Abstract To explore and analyze the potential adverse event (AE) signals of trazodone, with reference to the safe clinical use of drugs. Based on the FDA Adverse Event Reporting System (FAERS), the AE data of trazodone were extracted from the first quarter of 2004 to the second quarter of 2024, and the extracted data were statistically analyzed using the method, to identify valid AE signals that met our judgment, compare them with those recorded in the authorized information for trazodone thereby identifying unexpected potential adverse reactions.
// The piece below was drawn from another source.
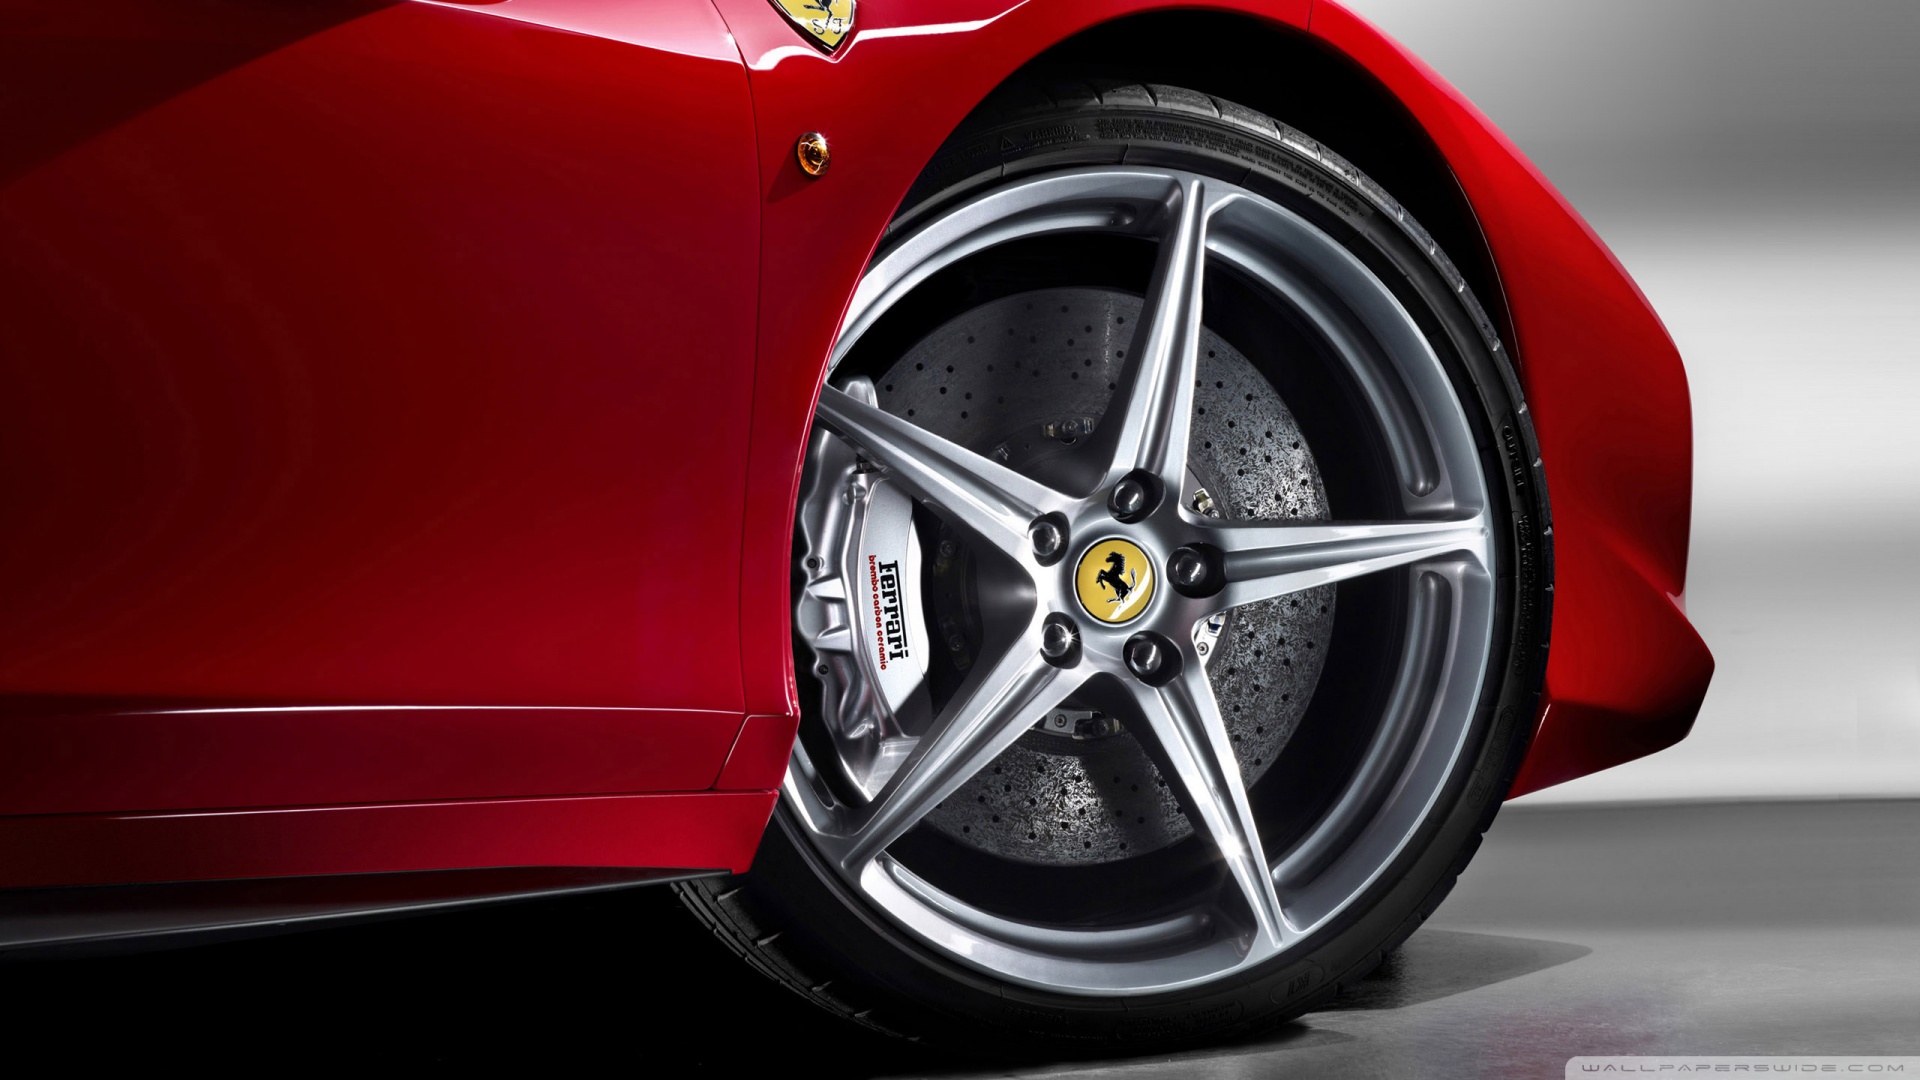 2010 Ferrari 458 Italia Wheel Wallpaper - Ferrari The Race Experience Wii - HD Wallpaper

A total of 5199 AE reports with trazodone as the main suspect were extracted, with a higher reported proportion of females (52.68%) than males (38.83%). Many reports (31.47%) did not provide age information, although for those reports with identifiable age data, the 50–60 years age group was the most common (14.20%), and the country of reporting was predominantly the United States (82.58%). A total of 179 significant AE signals were unearthed, with suicide, formulation toxicity, abnormal penile erection, insomnia, and cardiac and respiratory arrest reported with high frequency, which was not entirely consistent with the specification record. The study unearthed 156 new potential AEs on the basis of trazodone drug inserts and suggested precautions for overdosing and dose adjustment, which is conducive to safeguarding the safety of patients’ medication.